Nehmen wir z. B. an, Sie hätten einen Betrag von 10.000 oder 15.000 Euro in die Sanierung Ihres Badezimmers gesteckt. Dann können Sie leider nicht davon ausgehen, dass Sie diesen Betrag automatisch und 1:1 im Verkaufsfall zurückerhalten – vornehmlich dann, wenn gilt: „Geschmäcker sind unterschiedlich“ und Ihr potentieller Käufer einen anderen hat als Sie.
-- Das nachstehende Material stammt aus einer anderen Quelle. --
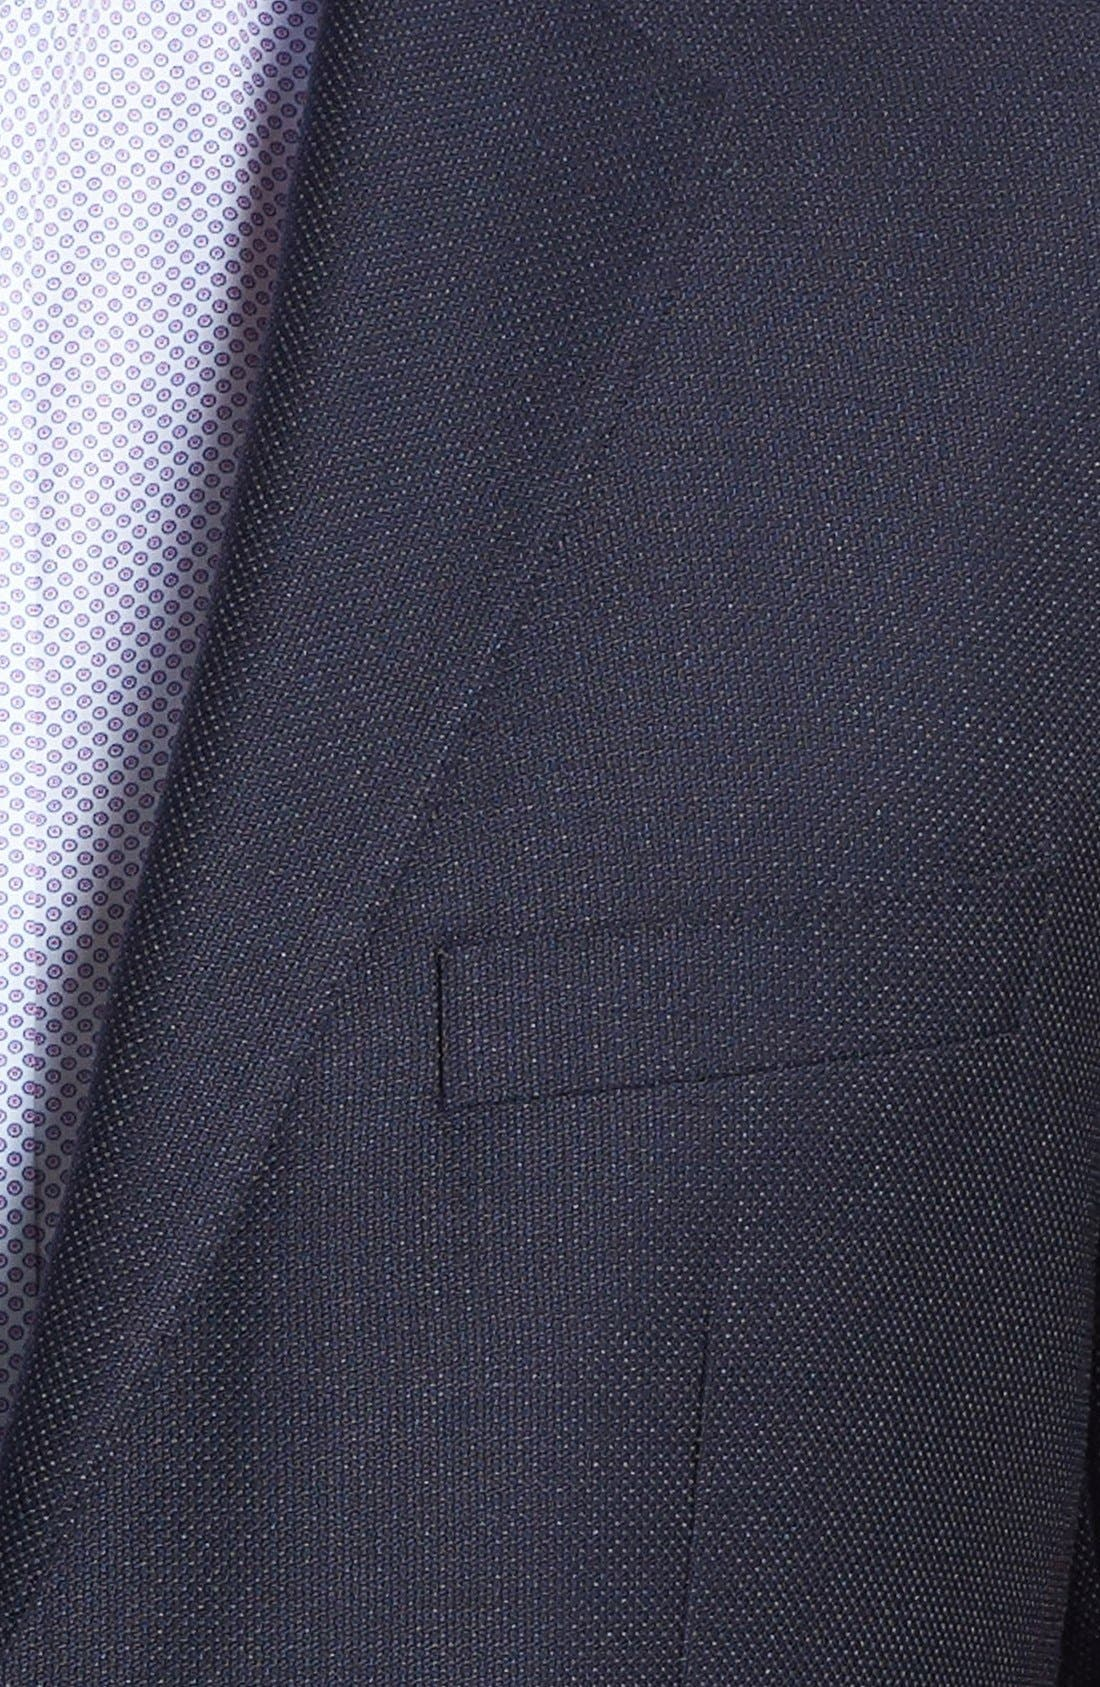 Alternate Image 2  - BOSS Black 'The Keys' Trim Fit Wool Blazer

„Wertermittlung Haus“ – der große Fallstrick der Objektivität

Die meisten Privatverkäufer sind aufgrund ihrer emotionalen Verbundenheit mit ihrer Immobilie nicht in der Lage, Hausmängel zu entdecken, zu benennen und dann auch im Sinne der „Wertermittlung Haus“ korrekt einzustufen.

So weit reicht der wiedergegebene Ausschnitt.